MT Lunch Seminar (LTI, CMU)

Tuesday, May 13, 2008

Statistical Transfer MT Systems for French and German

Speaker: Greg Hanneman

Date: Tuesday, May 13, at noon
Location: Wean Hall 4623

Title: Statistical Transfer MT Systems for French and German

Abstract: The AVENUE research group's statistical transfer system is a general framework for creating hybrid machine translation systems. It uses two main resources: a weighted synchronous context-free grammar, and a probabilistic bilingual lexicon of syntax-based word- and phrase-level translations. Over the last six months, we have developed new methods for extracting these resources automatically from parsed and word-aligned parallel corpora. In this talk, I will describe the resource-extraction process as it was applied to new French--English and German--English systems for the upcoming ACL workshop on statistical machine translation. Preliminary evaluation results --- both automatic and human-assessed --- will also be reviewed.

Tuesday, April 22, 2008

Simulating Sentence Pairs Sampling Process via Source and Target Language Models

Speaker: Ngyuen Bach

Abstract: In a traditional word alignment process, each sentence pair is equally assigned an occurrence number, which is normalized during the training to produce the empirical probability. However, some sentences could be more valuable, reliable and appropriate than others. These sentences should therefore have a higher weight in the training. To solve this problem, we explored methods of resampling sentence pairs. We investigated three sets of features: sentence pair confidence (/sc/), genre-dependent sentence pair confidence (/gdsc/) and sentence-dependent phrase alignment confidence (/sdpc/) scores. These features were calculated over an entire training corpus and could easily be integrated into the phrase-based machine translation system.

Wednesday, March 19, 2008

Communicating Unknown Words in Machine Translation

Speaker: Matthias Eck

Title: Communicating Unknown Words in Machine Translation

Abstract:
Unknown words are a major problem for every machine translation system. Regular evaluations and demos do not always show this very well, but in actual communication the lack of specialty vocabulary and named entity translations can seriously affect the communication ability.
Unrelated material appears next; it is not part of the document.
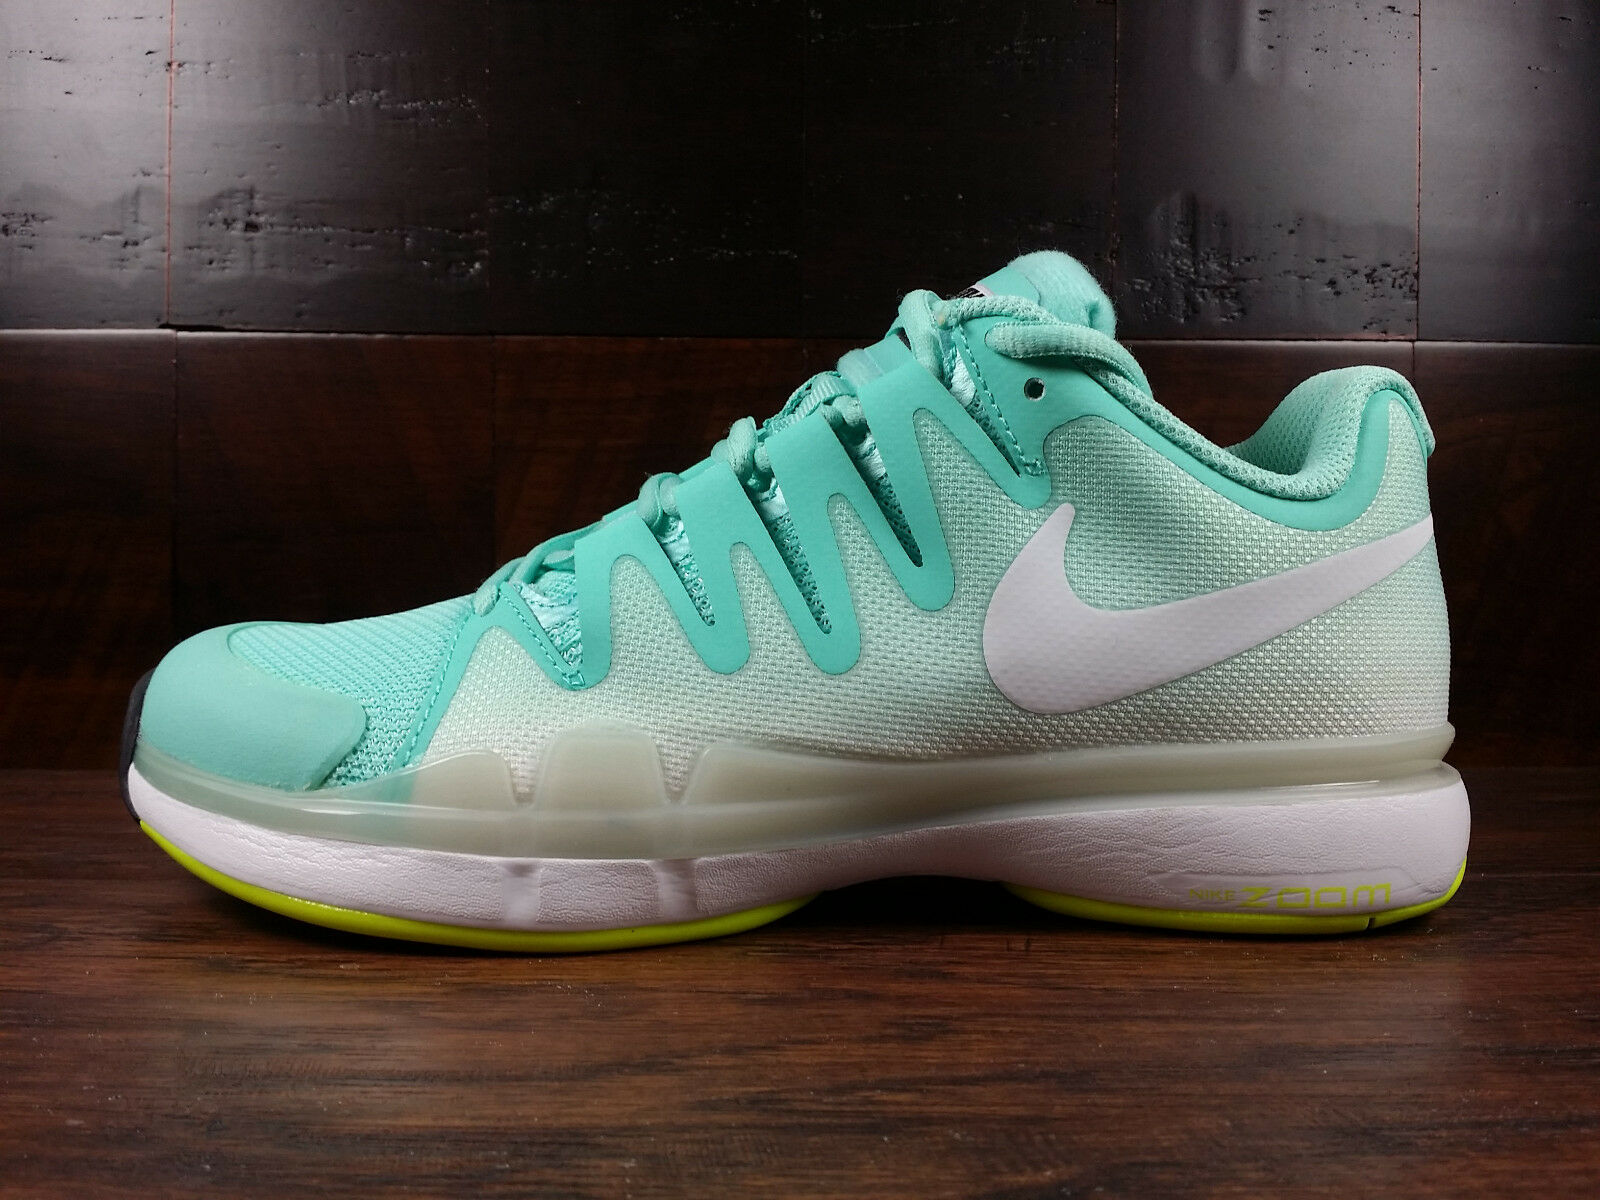 Nike Zoom Vapor 9.5 Tour Sharapova (Bleached Turq) Tennis [631475-317] Womens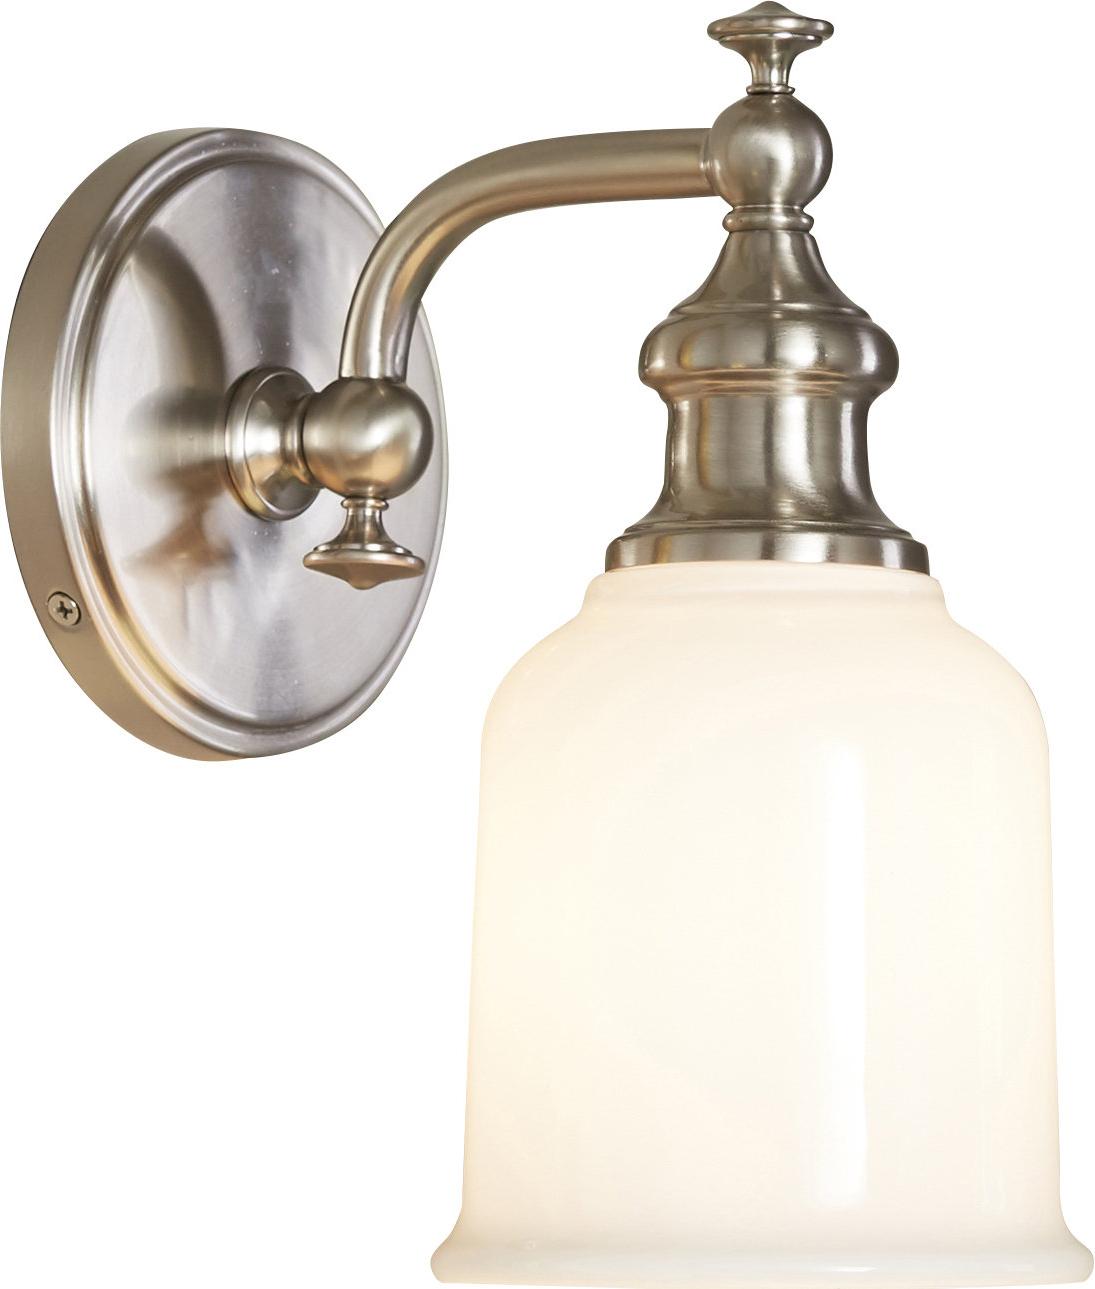 Favorite Grullon Scroll 1 Light Single Bell Pendants Pertaining To Combe 1 Light Vanity Light (View 9 of 25)

A new approach is presented that uses monolingual encyclopedias and dictionaries to "communicate" unknown words. Instead of the actual unknown word, its definition is extracted and translated, which leads to considerable improvements in translation quality.

Tuesday, November 13, 2007

Trees that can help

Speaker: Alok Parlikar

Title: (S (NP (NP Trees) (SBAR (WHNP that) (S (VP can)))) (VP help))

Summary:

For the past two months, I have been working with Alon Lavie and Stephan
Vogel, on Chinese and English parse-trees, to investigate answers to the
following questions:

(a) Can constituency information and word level alignments be used to
align nodes in trees of parallel sentences? How precisely matched
(in meaning) are the yields of these aligned nodes?
(b) Can the parse trees and word-level alignments be used for learning
reordering rules? If we use these rules to reorder source sentences,
can we do any better at translation?

The current results show that:

(a) - Node Alignments from hand-aligned data are very precise.
- Using automatic word-alignments to align nodes gives over 70%
precision and over 40% recall.
(b) Using a 10-best reordering of words in the source sentences, with
a "dumb" reordering strategy has shown a 0.005 improvement in BLEU
score.

I would like to talk about the approaches that we have taken here, and to
discuss about strategies for improving these results.

Tuesday, October 9, 2007

Sub-Phrasal Matching and Structural Templates in Example-Based MT

Speaker: Aaron Phillips

Title: Sub-Phrasal Matching and Structural Templates in Example-Based MT

Example-Based Machine Translation (EBMT) encompasses many different
approaches to data-driven MT. In this work I first look at two different
paradigms of EBMT. I then combine the strengths of these two systems and
build a new engine that combines sub-phrasal matching with structural
templates. The end result is a melding of ideas from EBMT, SMT, and
Xfer. This synthesis results in higher translation quality and more
graceful degradation, yielding 1.5% to 7.5% relative improvement in BLEU
scores.

This work was recently presented at TMI. The full paper can be found
here:

http://dustoftheground.net/techne/research/sub-phrasal_matching_and_structural_templates_in_example-based_mt.pdf

Tuesday, August 14, 2007

Experiments with a Noun-Phrase driven Statistical Machine Translation System

Title: Experiments with a Noun-Phrase driven Statistical Machine
Translation System

Speaker: Sanjika Hewavitharana
Date: Aug 14, 2007
Time: 12:00pm
Place: NSH 3305 [During MT Group Monthly Lunch]

Abstract:

Hierarchical translation models that use phrases with words as well as
sub-phrases have shown better performance than standard phrase based
systems. In this talk I will present a noun-phrase (NP) driven
statistical machine translation system. Using noun-phrases as the
decomposition unit, we build a two-level hierarchy of phrases. We first
identify noun-phrases in the data and replace them with a tag to produce
an NP tagged corpus. This corpus is then used to extract NP-tagged
phrase translation pairs. Both noun-phrases and NP-tagged phrases are
used in a two-level translation decoder. The two-level system shows
significant improvements over a baseline phrase-based SMT system. It
also produces longer matching phrases due to the generalization
introduced by tagging noun-phrases.

Tuesday, May 22, 2007

In Search of Better MT Evaluation Metric : Some Experiments

Date: May 22, 2007
Presenter: Abhaya Agarwal
Title: In Search of Better MT Evaluation Metric : Some Experiments

Abstract: Area of automatic metrics for MT Evaluation has seen a lot of
activity in last 4-5 years. Starting with BLEU, many such metrics have
been proposed over the years including METEOR, HTER and ROUGE. While
these metrics achieve good correlation with human judgments at the
system level, situation remains bleak at individual sentence level. In
this talk, I will talk about some work that we have been doing towards
developing metrics with improved correlation with human judgments at the
sentence level. I will present the current results and some possible
future directions.